# Quick update on Penzoil EURO LX for my particular car.



## MRO1791 (Sep 2, 2016)

Cruz15 said:


> I lost a lot of turbo spooling speed, the old oil allowed the turbo to spool up much, much faster.
> I will have to see how the OCI progresses, if it stays the same I will go back to the Motul 8100 X-Clean EFE product.
> So more turbo lag and less crisp fuel pedal. I didnt expect this with the oil as it is rated for better overall fuel mileage I thought the spool time would relatively stay the same. I have not checked my Map sensor will do that tomorrow. It was an abrupt change so expect no problem, oil fill level is the same.
> Cheers.


Is your car the LUZ Gen 1? This is posted in Gen 2. Can't say I've seen the difference in either my Gen 1s or Gen 2s, I've been running mostly the Penzoil in both, though I did try some Amsoil at one time, and could not detect a noticable difference in turbo spool time on that particular Gen 1, thought the Kerma TDI tune that I tried made a big difference in throuttle response and turbo spool time. I would think it's unlikely oil that is within the specified viscosity range will cause a measureable difference in turbo spool times.


----------



## Ma v e n (Oct 8, 2018)

Guess it ended up not being the best oil there is for these cars....eh?


----------



## Cruz15 (Mar 17, 2016)

Ma v e n said:


> Guess it ended up not being the best oil there is for these cars....eh?

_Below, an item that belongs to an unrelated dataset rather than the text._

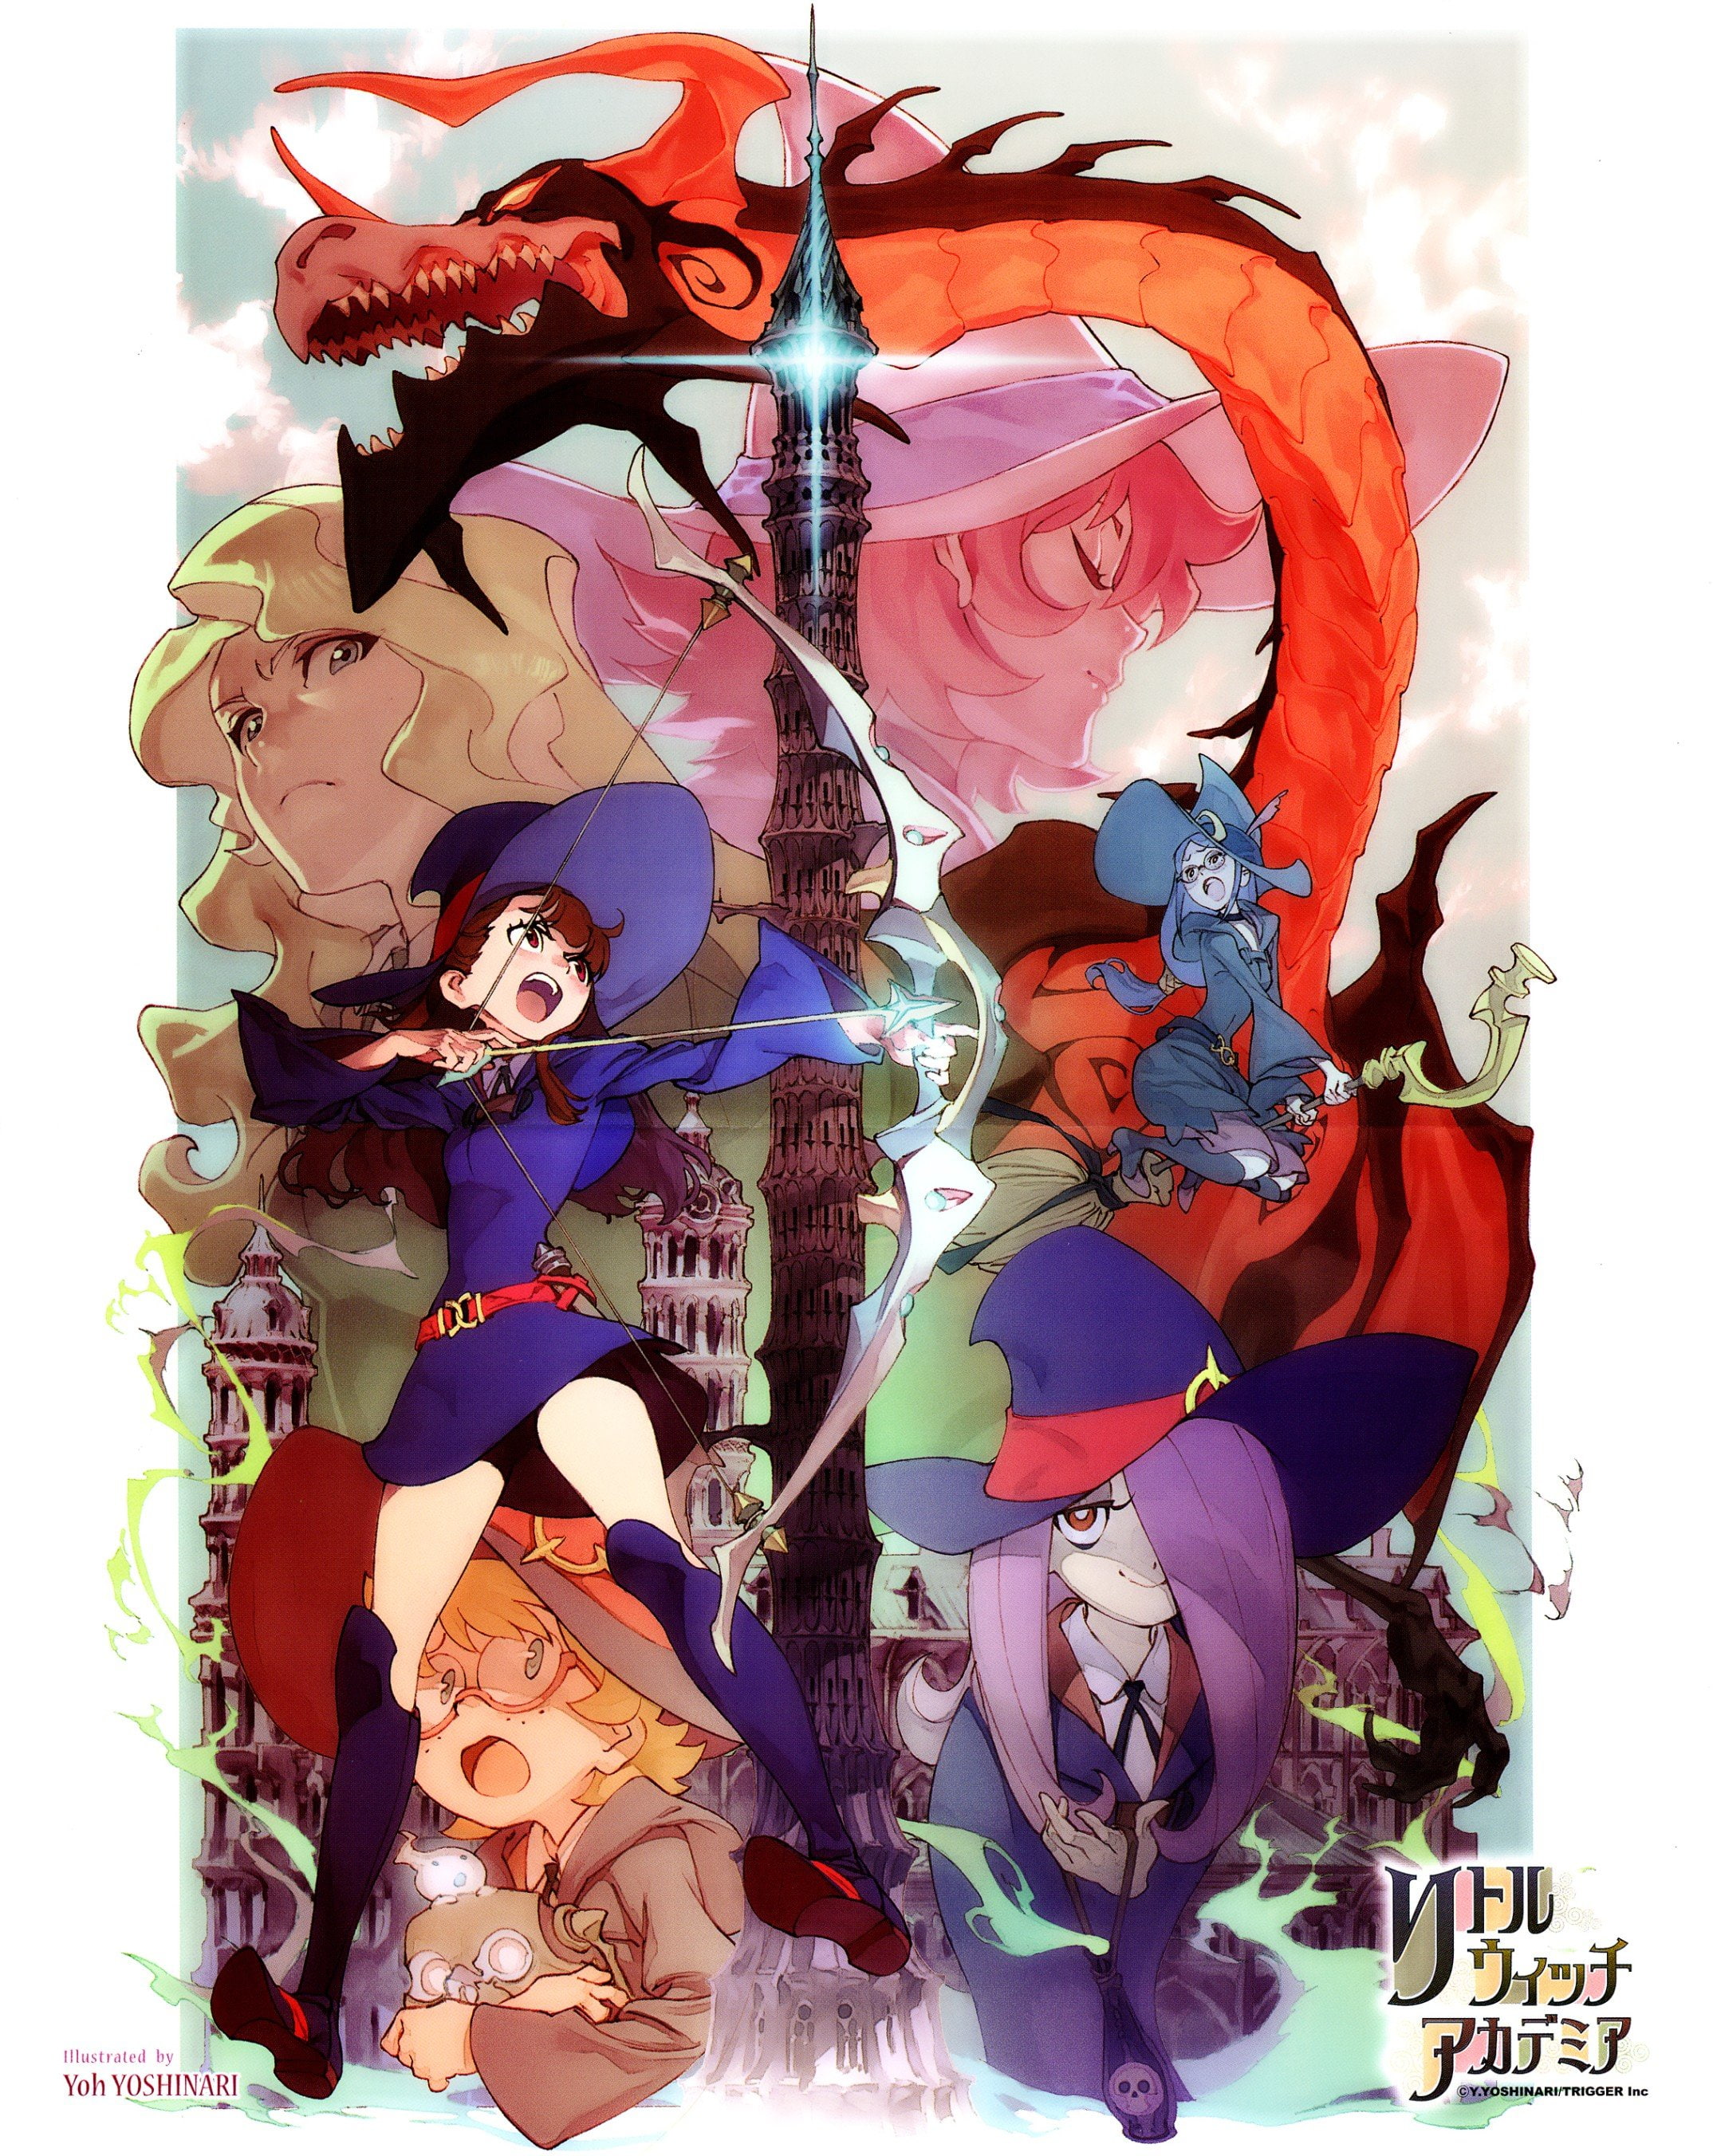 Anime Girls, artwork, Kagari Akko, Little Witch Academia, Manbavaran Sucy

Your right so far. Protects better drives much worse. Just what I have seen.


----------



## Cruz15 (Mar 17, 2016)

MRO1791 said:


> Is your car the LUZ Gen 1? This is posted in Gen 2. Can't say I've seen the difference in either my Gen 1s or Gen 2s, I've been running mostly the Penzoil in both, though I did try some Amsoil at one time, and could not detect a noticable difference in turbo spool time on that particular Gen 1, thought the Kerma TDI tune that I tried made a big difference in throuttle response and turbo spool time. I would think it's unlikely oil that is within the specified viscosity range will cause a measureable difference in turbo spool times.

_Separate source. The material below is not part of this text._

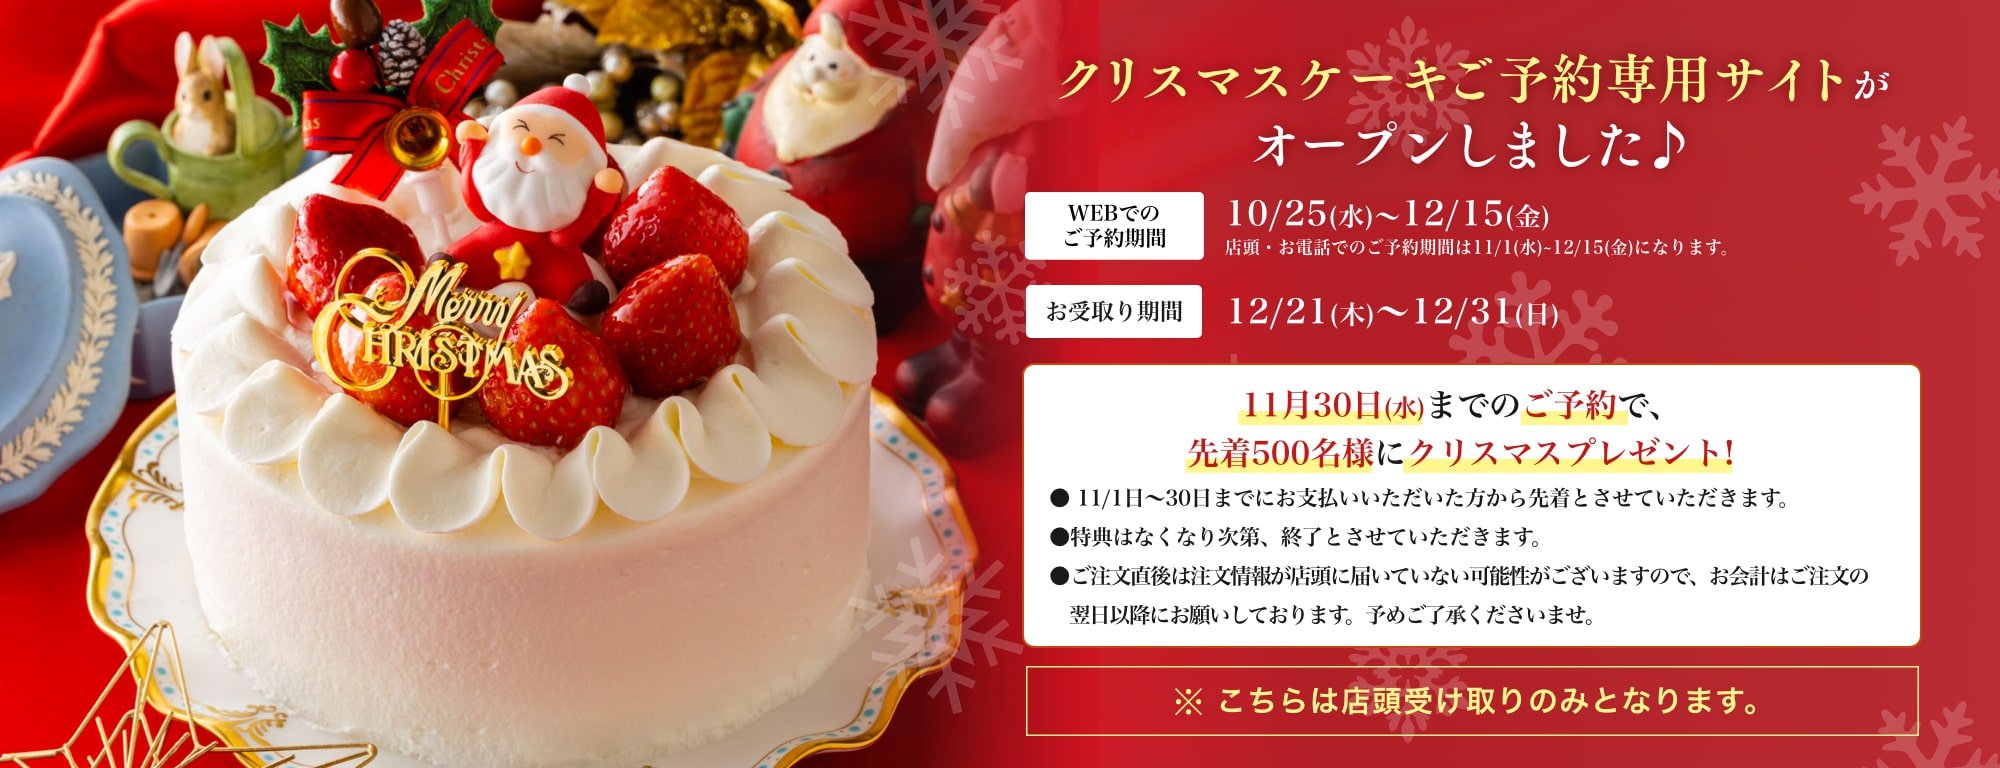 福岡の洋菓子 通販 クリスマス予約サイト

I used to have a Gen 1 and I should have kept it, anyway. I now have a Gen 2. 
I am very sensitive to any changes in how my cars drive.


----------



## Cruz15 (Mar 17, 2016)

I cleaned my Map thoroughly and my Maf I will let you know over the week if there is any changes.

Does anyone have the new calibration numbers?. I think my ECU was updated, even after I said not to update.


----------